At inference the Sinkhorn-Knopp constraint has already been enforced during
training, but B_l is still *dynamically generated* per-token from the input
residual state. So we still need to:
1. Project the flattened residual → raw A/B/C parameter values.
2. Apply sigmoid (A, C) and Sinkhorn-Knopp 20 iters (B).
3. Mix residual streams.
The only thing that changes vs training is that we skip the loss and gradient
through the Sinkhorn projection — the forward arithmetic is identical.
---------------------------------------------------------------------
V4-Pro reference dimensions (Section 4.2.1)
---------------------------------------------------------------------
d = 7168 hidden dim
n_hc = 4 hyper-connection expansion factor
N_proj = 24 fused output of W_pre(4) + W_res(16) + W_post(4)
K_proj = 4*7168 = 28672 = n_hc * d (flattened residual)
t_max = 20 Sinkhorn iterations
---------------------------------------------------------------------
Kernel dependency
---------------------------------------------------------------------
tf32_hc_prenorm_gemm (DeepGEMM, SM90/SM100)
a: (T, K) BF16 — flattened residual X_flat
b: (N, K) FP32 — stacked weight [W_pre; W_res; W_post]
d: (S, T, N) or (T, N) FP32 — raw projection outputs (pre-normalised)
sqr_sum: (S, T) or (T,) FP32 — Σ a² per token (for RMSNorm denominator)
num_splits = S (16 recommended for K=28672)
After the call:
d = d.sum(0) → (T, N)
sqr_sum = sqr_sum.sum(0) → (T,)
rms_scale = sqrt(K / (sqr_sum + eps))
d_norm = d * rms_scale[:,None] — equivalent to RMSNorm(X_flat) @ W_stacked
"""
from __future__ import annotations
import math
from dataclasses import dataclass
from typing import Optional, Tuple
import torch
import torch.nn.functional as F
# ---------------------------------------------------------------------------
# Try importing DeepGEMM; fall back to plain BF16 matmul if unavailable.

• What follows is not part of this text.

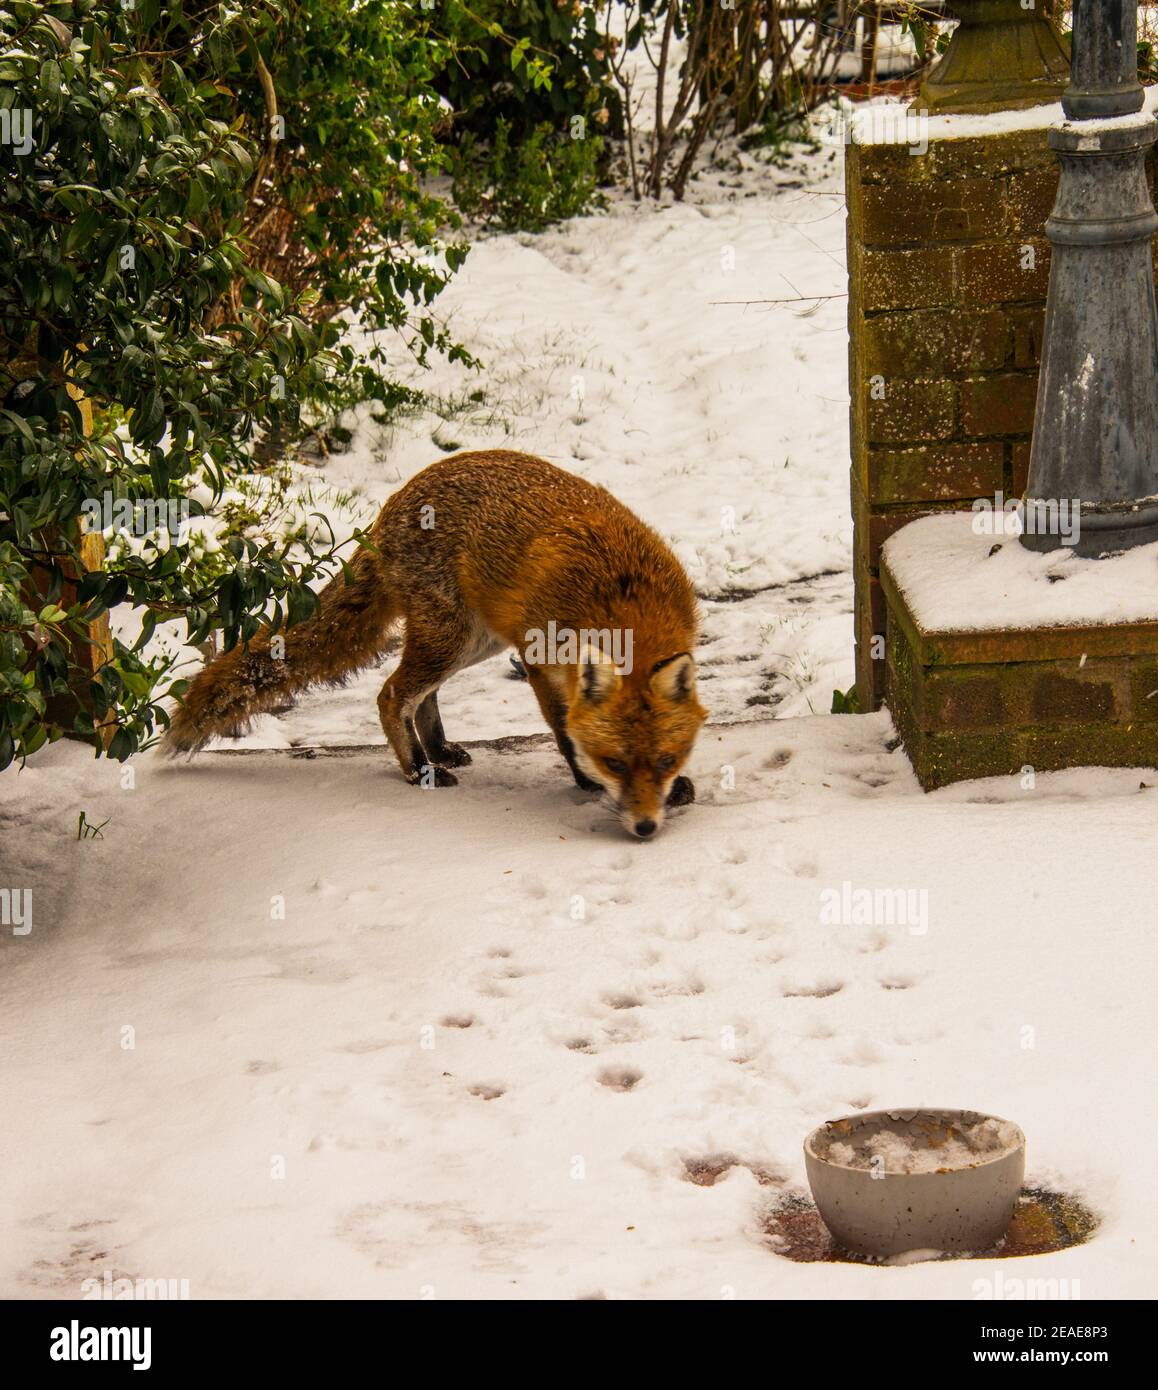 A red fox in an urban garden. Stock Photo

# ---------------------------------------------------------------------------
try:
import deep_gemm
_HAS_DEEP_GEMM = True
except ImportError:
_HAS_DEEP_GEMM = False
NUM_SPLITS = 16 # K-split count for tf32_hc_prenorm_gemm numerical stability
EPS_RMSN = 1e-6
# ---------------------------------------------------------------------------
# Sinkhorn-Knopp projection (T batched 4×4 matrices, 20 iters)
# ---------------------------------------------------------------------------
def sinkhorn_knopp(
M: torch.Tensor, # (T, n, n) positive (after exp)
t_max: int = 20,
) -> torch.Tensor:
"""
Project each (n×n) positive matrix onto the Birkhoff polytope
(doubly stochastic matrices) via alternating row/col normalisation.

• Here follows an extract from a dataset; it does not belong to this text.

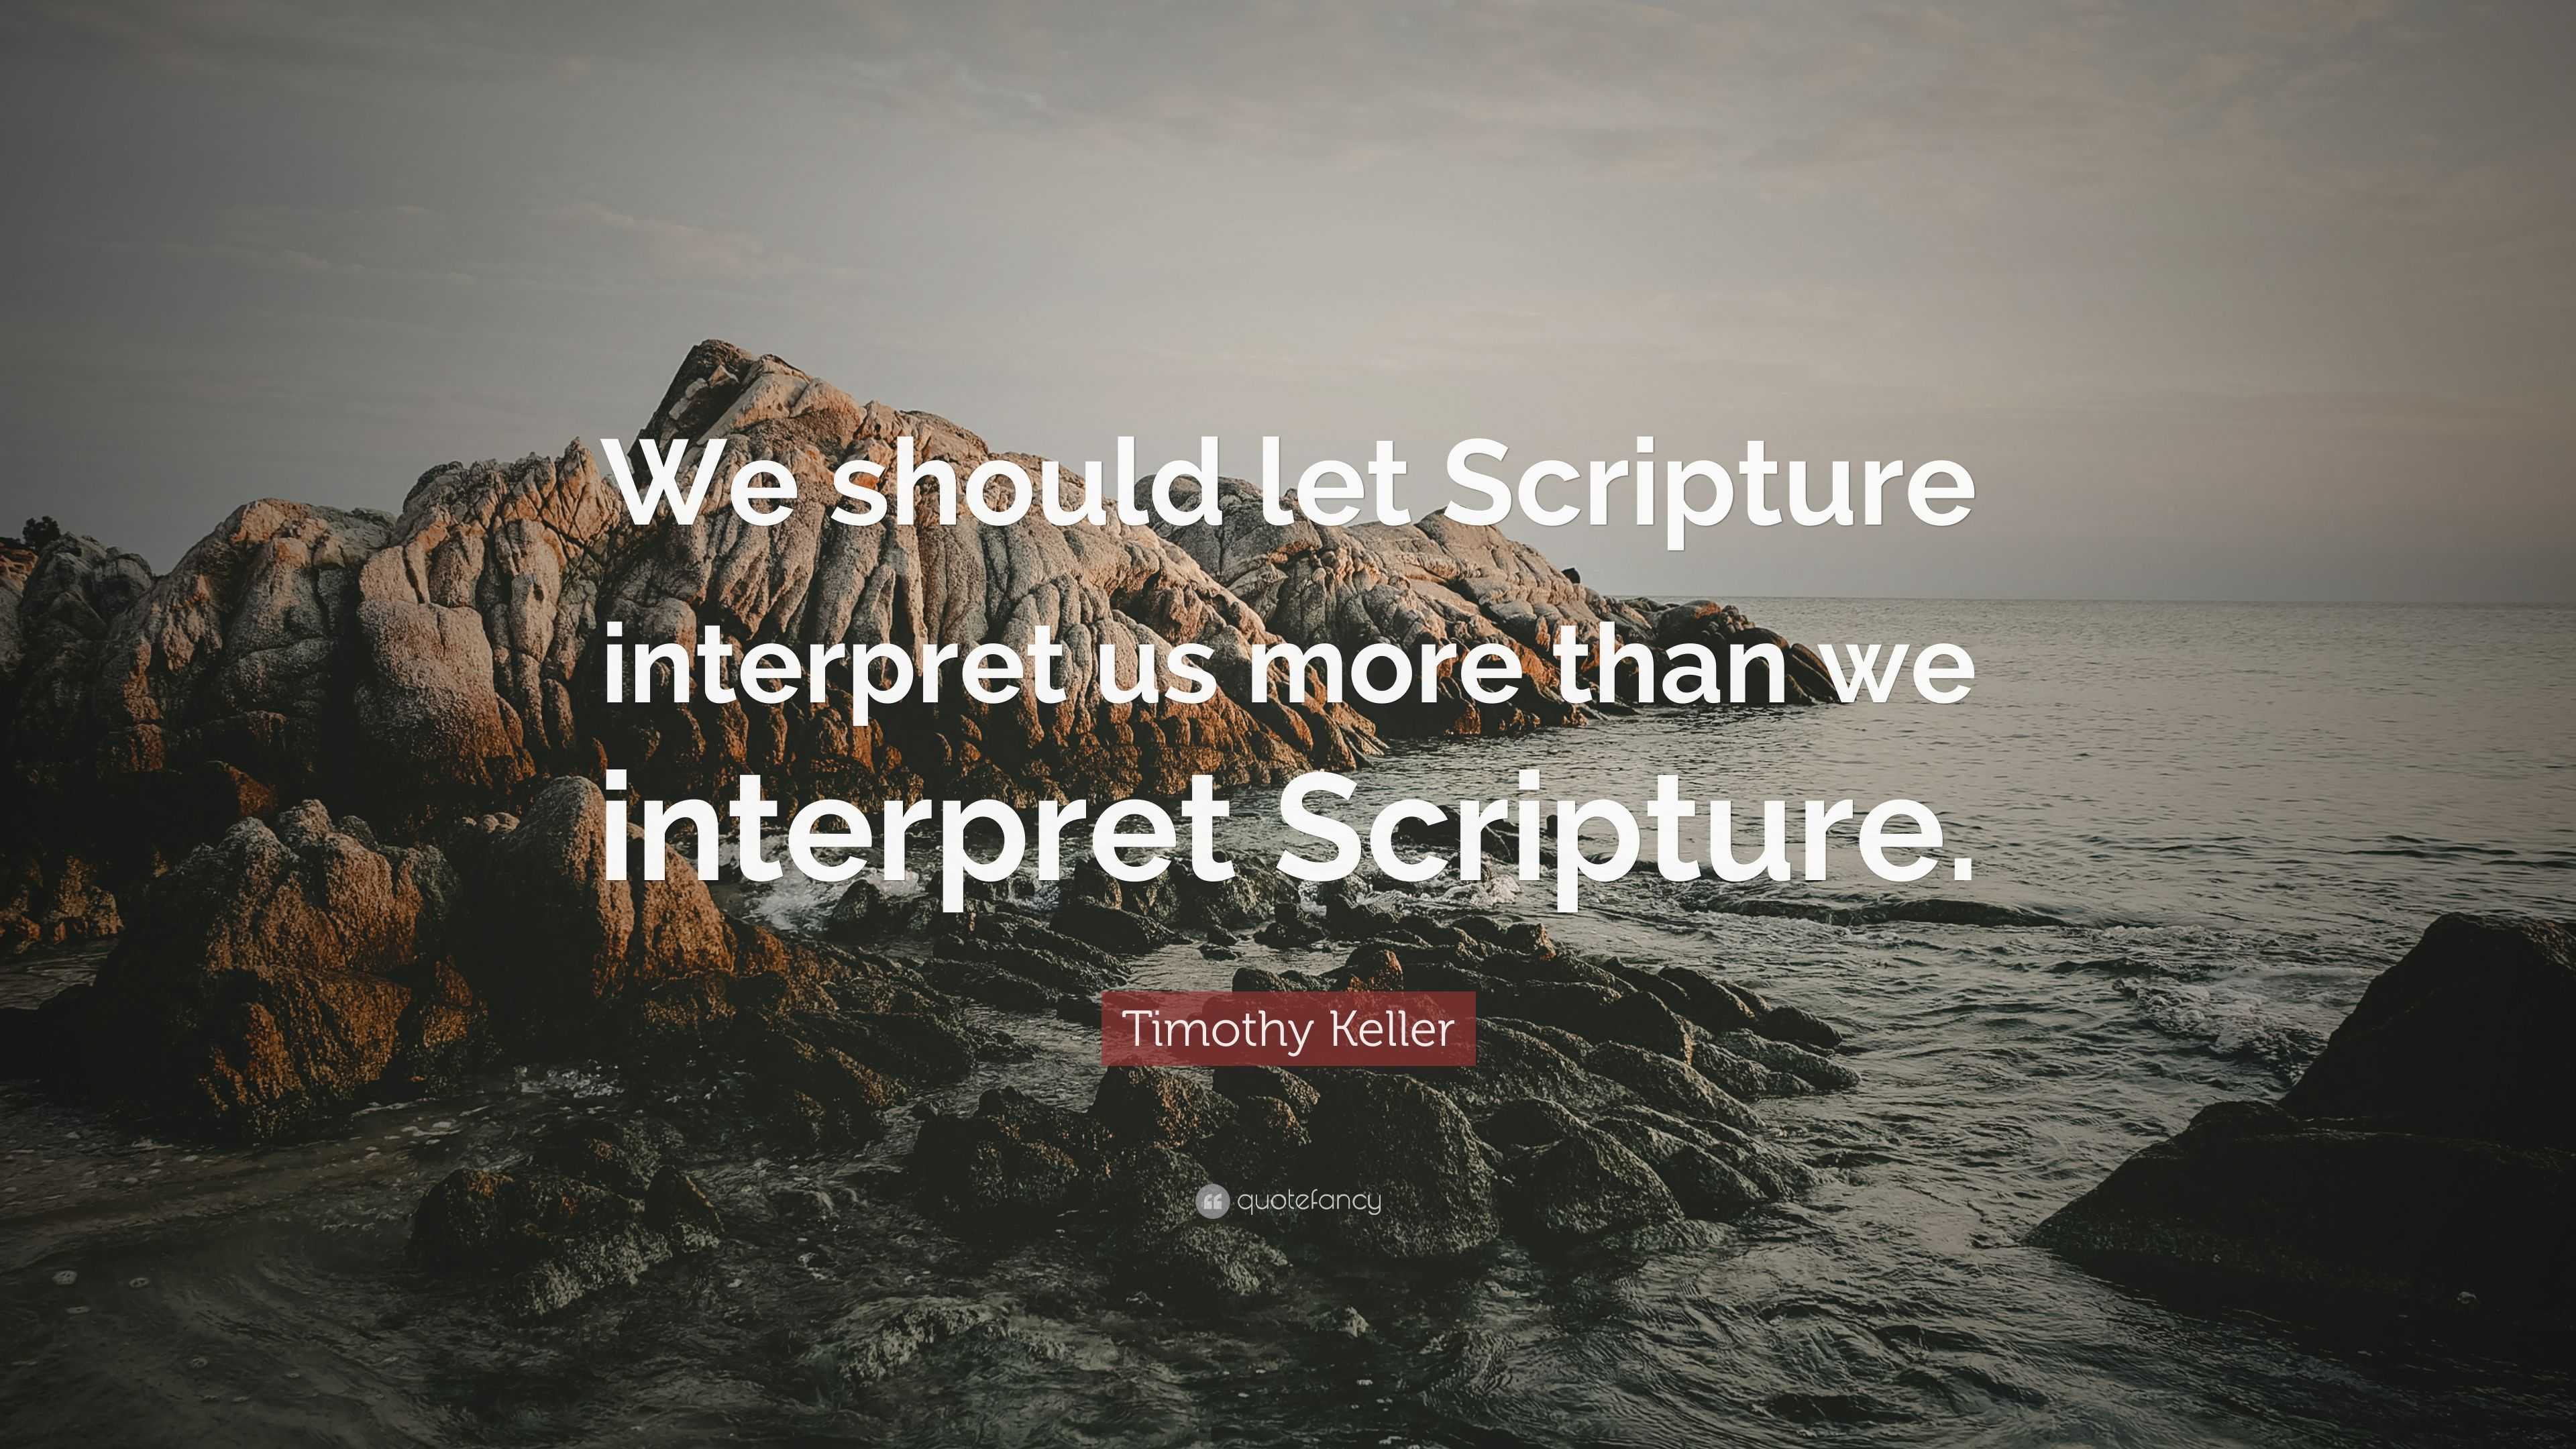 Timothy Keller Quote: “We should let Scripture interpret us more than ...

Paper eq. (8): M^(t) = T_r( T_c( M^(t-1) ) )
where T_r = row-normalise, T_c = col-normalise.
For n=4 and t_max=20 this is ~160 tiny operations — no kernel needed.
All ops stay on GPU via standard PyTorch.
"""
for _ in range(t_max):
M = M / (M.sum(dim=-1, keepdim=True) + EPS_RMSN) # T_r (row)

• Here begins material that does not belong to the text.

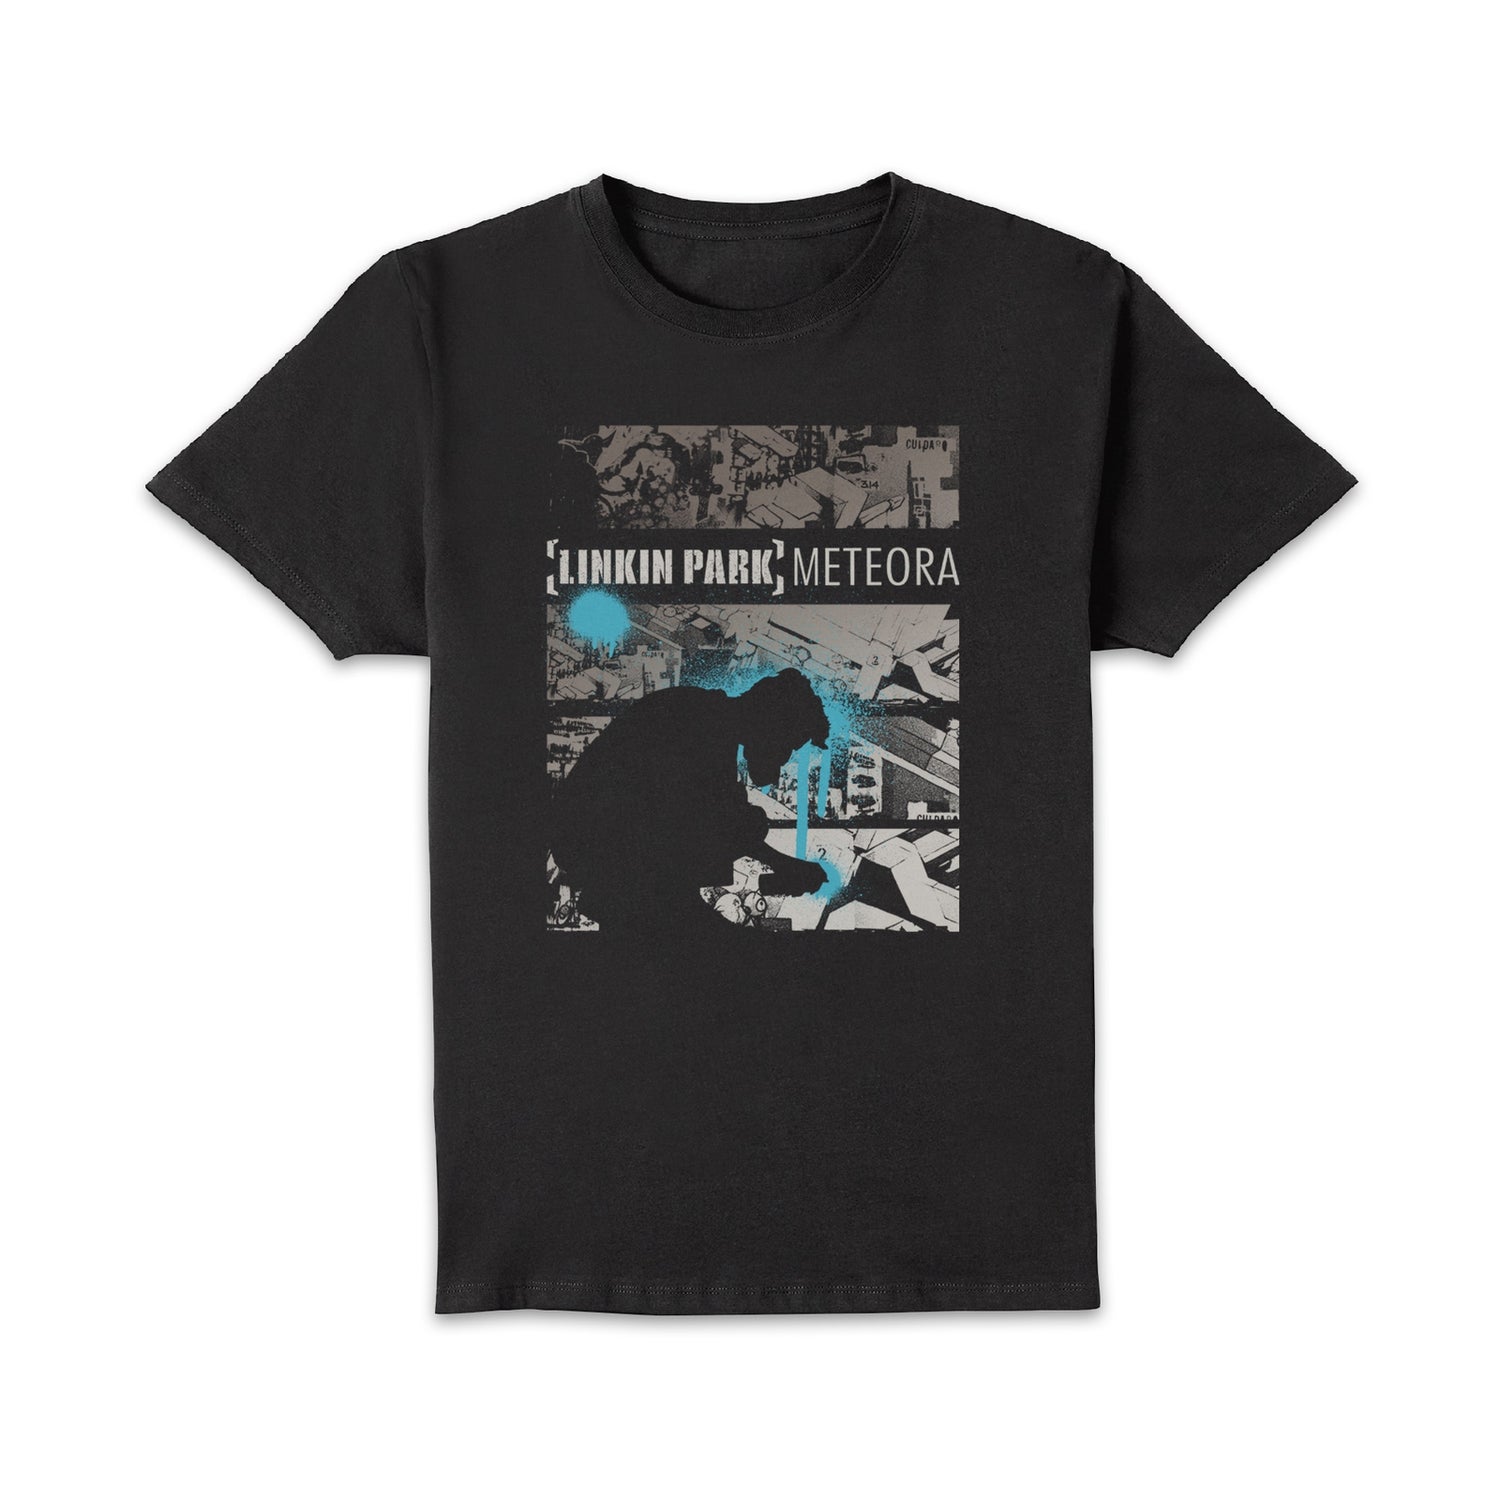 Linkin Park Meteora Unisex T-Shirt - Black Clothing - Zavvi UK

M = M / (M.sum(dim=-2, keepdim=True) + EPS_RMSN) # T_c (col)
return M
# ---------------------------------------------------------------------------
# Context carried between pre_block and post_block
# ---------------------------------------------------------------------------
@dataclass
class mHCContext:
"""Holds the per-token mixing matrices computed in pre_block."""
B_l: torch.Tensor # (T, n_hc, n_hc) doubly stochastic residual transform
C_l: torch.Tensor # (T, n_hc) output mapping (before unsqueeze)
# ---------------------------------------------------------------------------
# mHC layer
# ---------------------------------------------------------------------------
class mHCLayer:
"""
Wraps one transformer sub-layer (attention *or* MoE) with the mHC
residual update.
Typical call pattern per layer:
x_in, ctx = mhc.pre_block(X_l)
F_out = transformer_sublayer(x_in) # (T, d)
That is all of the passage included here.